> The task
Make an exact copy of the listing, without images.

> Data below
BEGIN

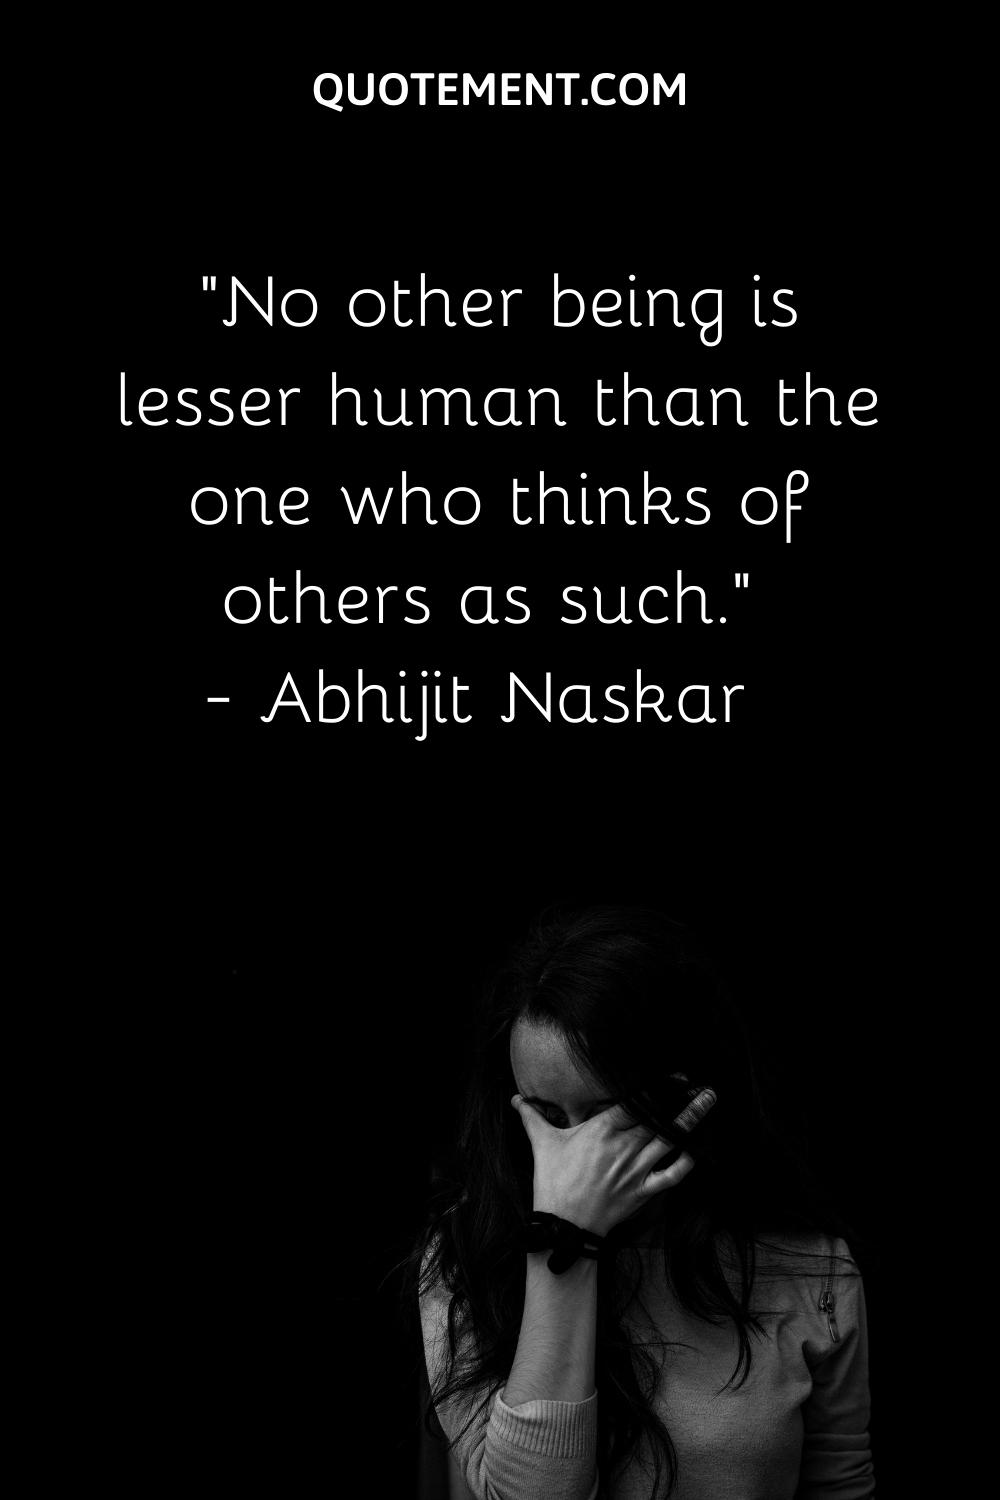 No other being is lesser human than the one who thinks of others as such
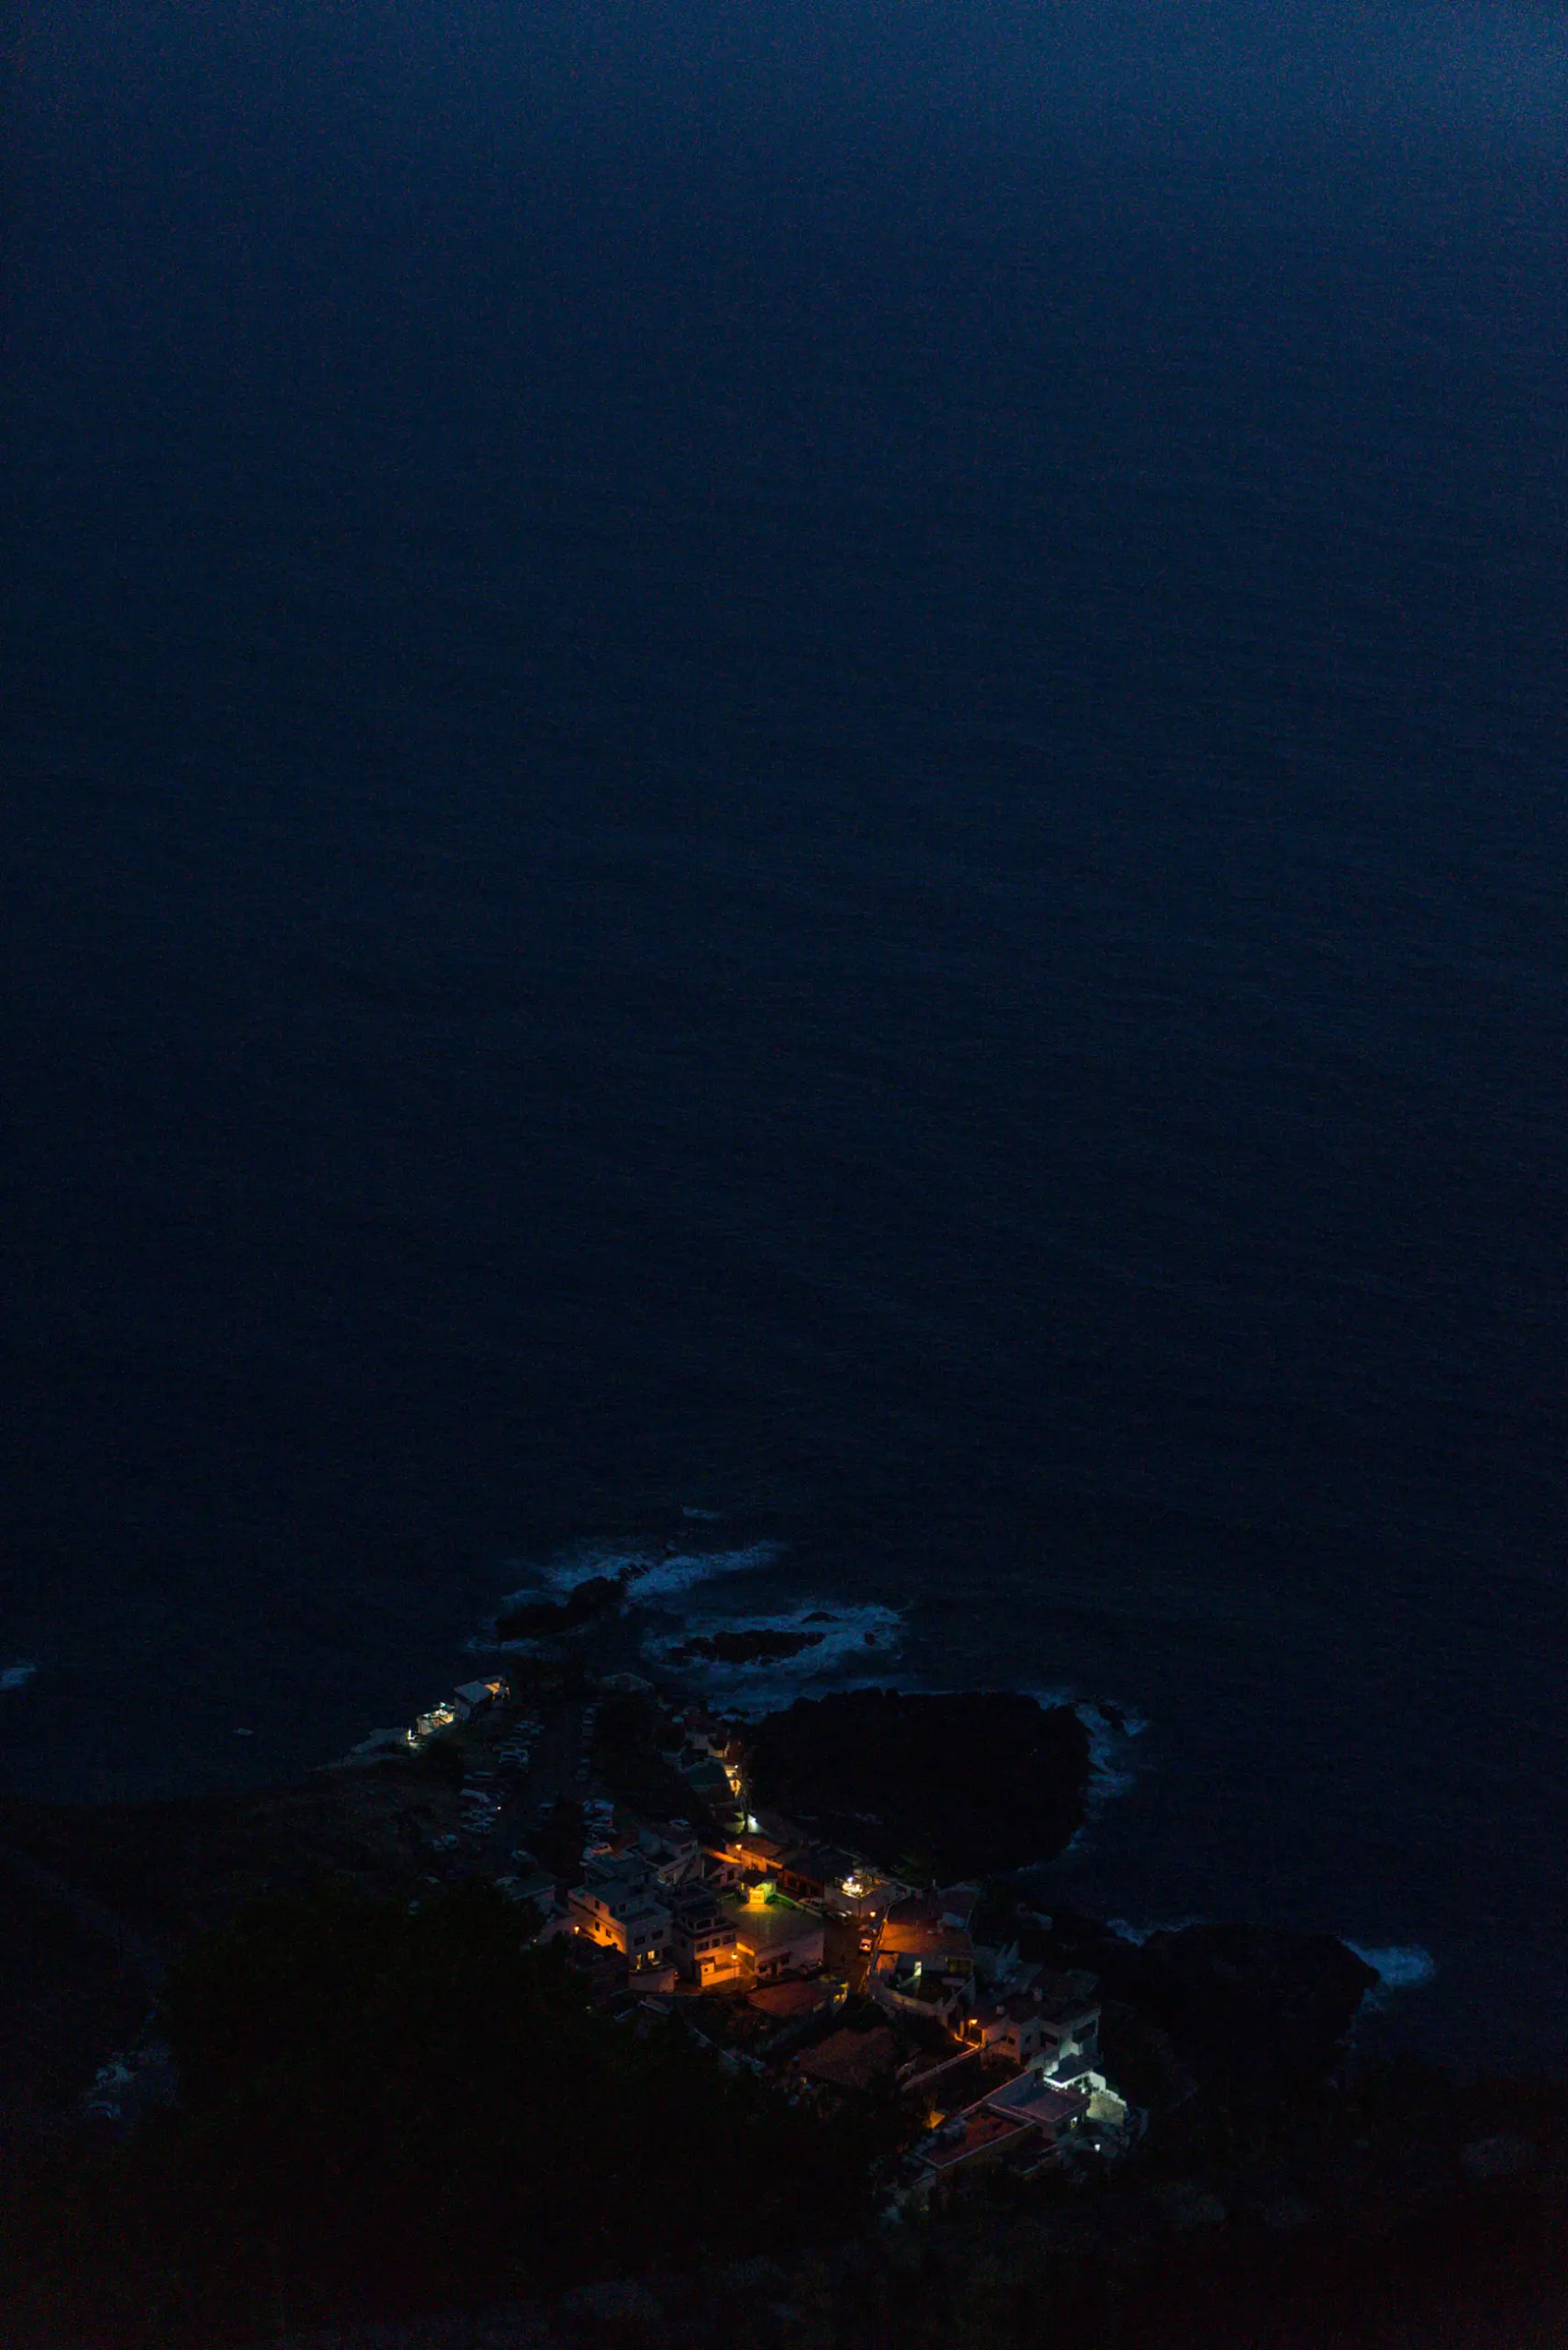 still photo of small village next to the sea by night
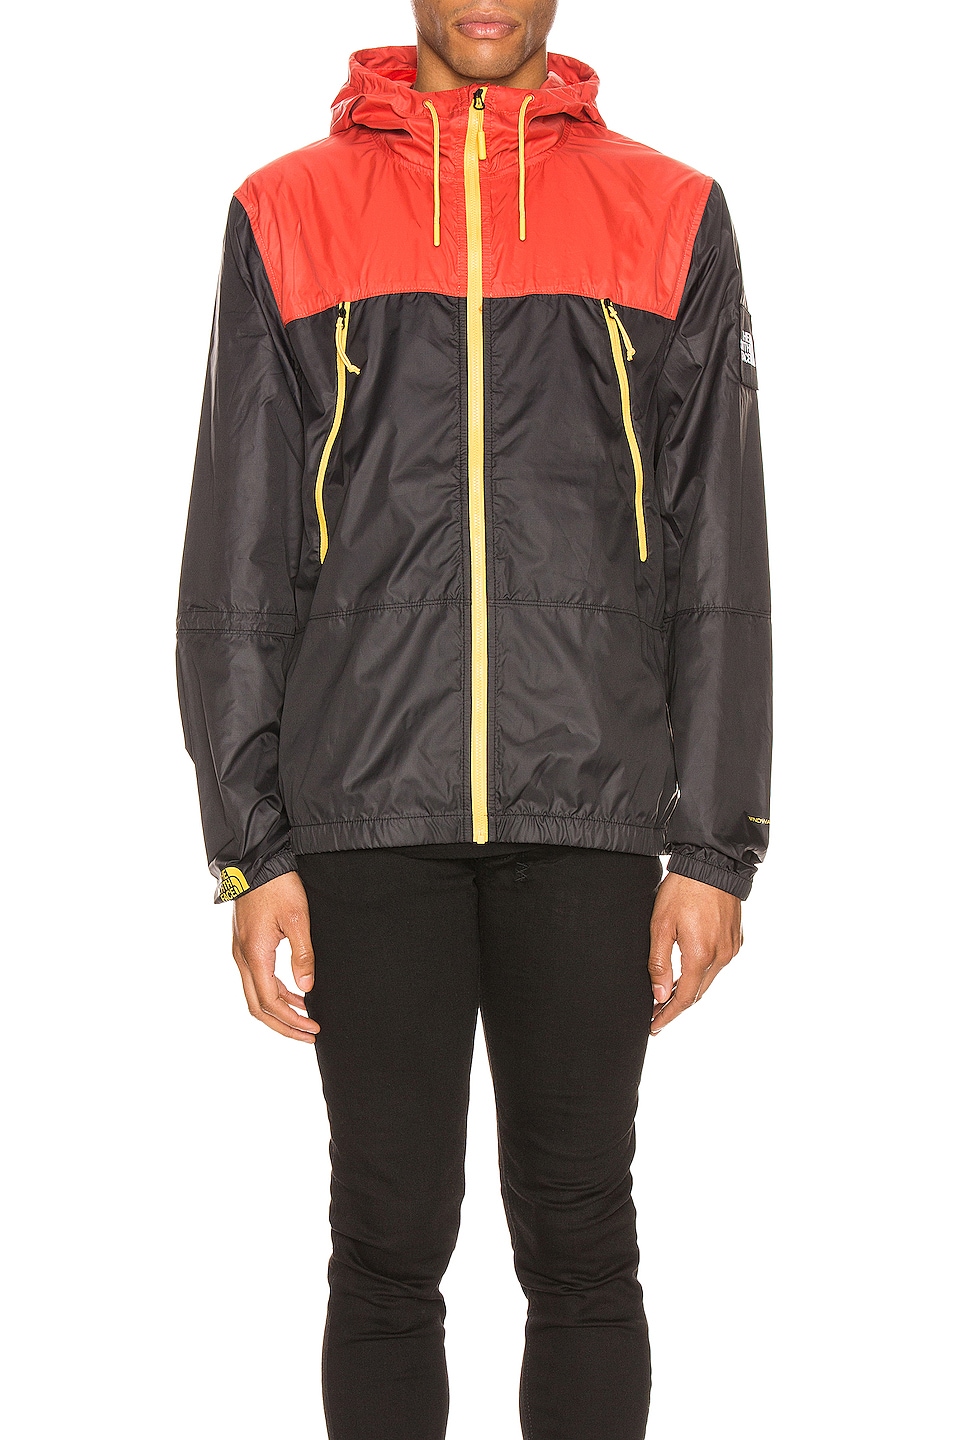 Image 1 of The North Face Black Box M 1990 Seasonal Mountain Jacket in TNF Black & Sunbaked Red

END

> Result for this exercise
 No other being is lesser human than the one who thinks of others as such
 still photo of small village next to the sea by night
 Image 1 of The North Face Black Box M 1990 Seasonal Mountain Jacket in TNF Black & Sunbaked Red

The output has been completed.